Dans cet exercice de démonstration de l’existence des dits fonds, Me François Sarr est allé chercher dans le journal officiel pour exhiber un texte de 1992. Me Jackson Kamga a, pour sa part, fait projeter un document colonial datant de 1923 et qui institue la caisse. A l’époque, le montant était fixé à 600 francs, mais le président du Conseil colonial avait estimé que la banlieue le méritait mieux. Depuis, beaucoup d’eaux ont coulé sous les ponts et le montant à atteint 30 millions F CFA avant d’être supprimé en 2015, suite aux bisbilles entre l’actuel maire Khalifa Sall et le régime de Macky Sall.

Pourtant, a confié le maire, les différentes autorités étatiques lui ont parlé des fonds. ‘’La première, je ne citerai pas son nom, car elle n’est plus en fonction. Elle m’a confirmé l’existence de ces fonds destinés à aider les populations. Elle a fait preuve de grande intelligence et a compris que la ville pouvait aider plus efficacement avec ces fonds que des mairies sollicitaient pour certaines activités spécifiques’’, a déclaré Khalifa Sall. Qui poursuivant son propos a ajouté que la deuxième autorité a fait preuve d’intelligence, avec la mise en place du fonds de solidarité numérique. Il s’agit notamment de Me Wade, initiateur dudit fonds. ‘’La dernière autorité avec qui nous avons échangé, c’est l’actuel Président Macky Sall et c’était en septembre 2012.’’

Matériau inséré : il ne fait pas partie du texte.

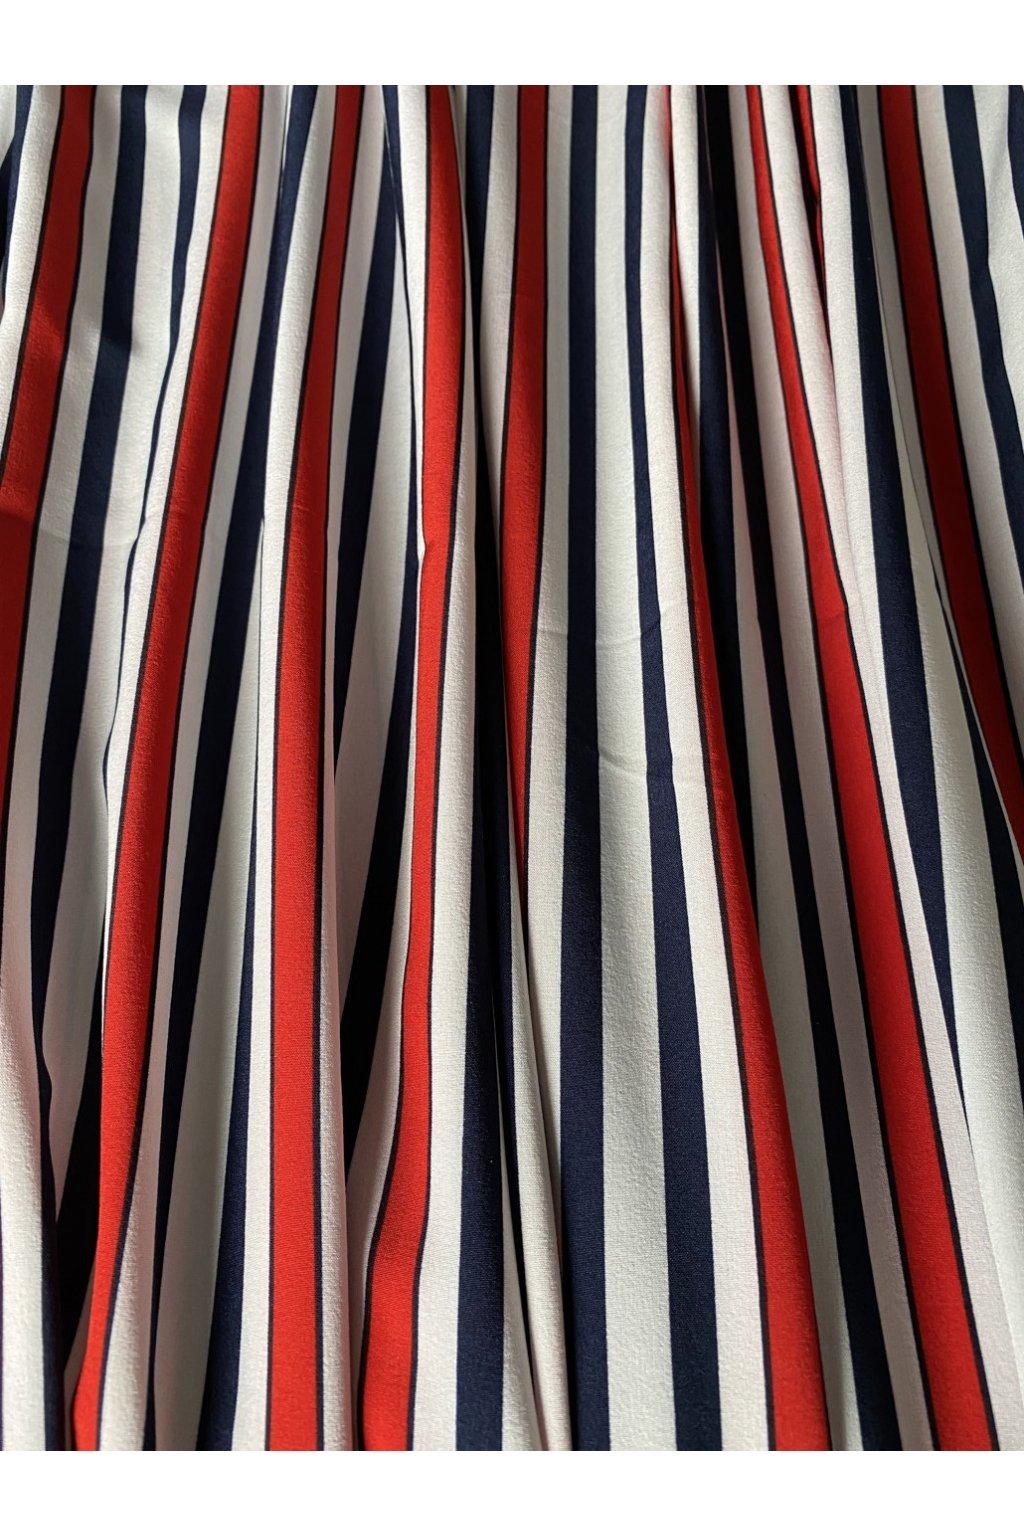 Šatovka silky modro-červené proužky
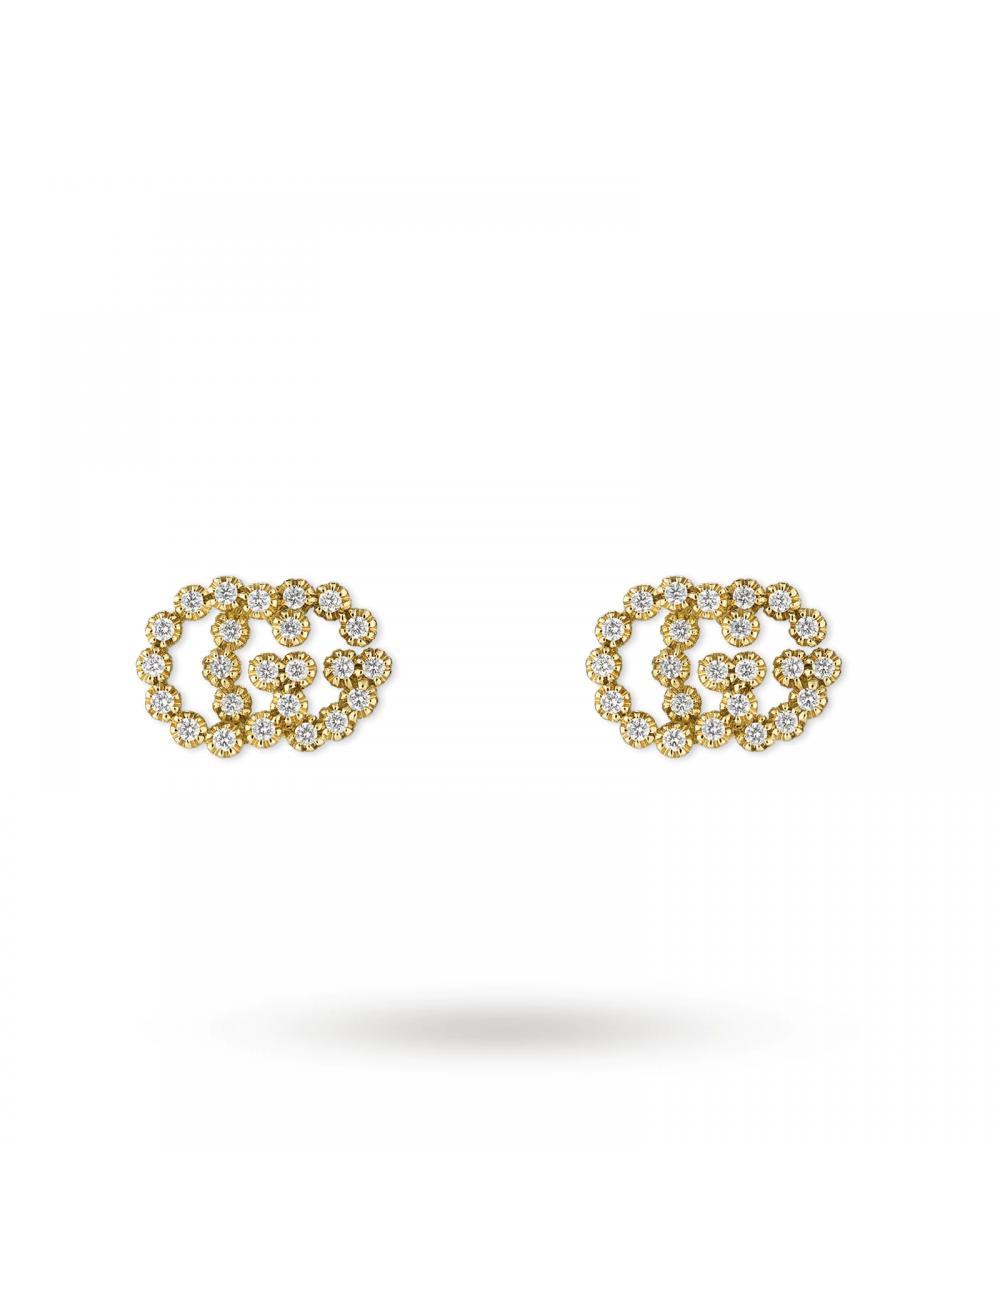 Gucci -Pendientes Gucci GG Running de oro amarillo -YBD48167600100U

C’est pourquoi le député-maire socialiste n’a pas encore manqué de décrier le soubassement de cette suppression, même si par ailleurs, il considère que l’arrêté du 31 janvier 2003 instituant la caisse d’avance est toujours en vigueur. Ce que l’ex-percepteur a confirmé, en soutenant que le texte a encore un fondement juridique valable. Et si tant est qu’elle a été supprimée, Khalifa Sall reste persuadé que ‘’les fonds ont été arrêtés pour des raisons fondamentalement, essentiellement, principalement politiques’’. Pour étayer ses propos, le maire a expliqué que c’est quand ses problèmes avec le pouvoir ont surgi que les fonds ont été arrêtés.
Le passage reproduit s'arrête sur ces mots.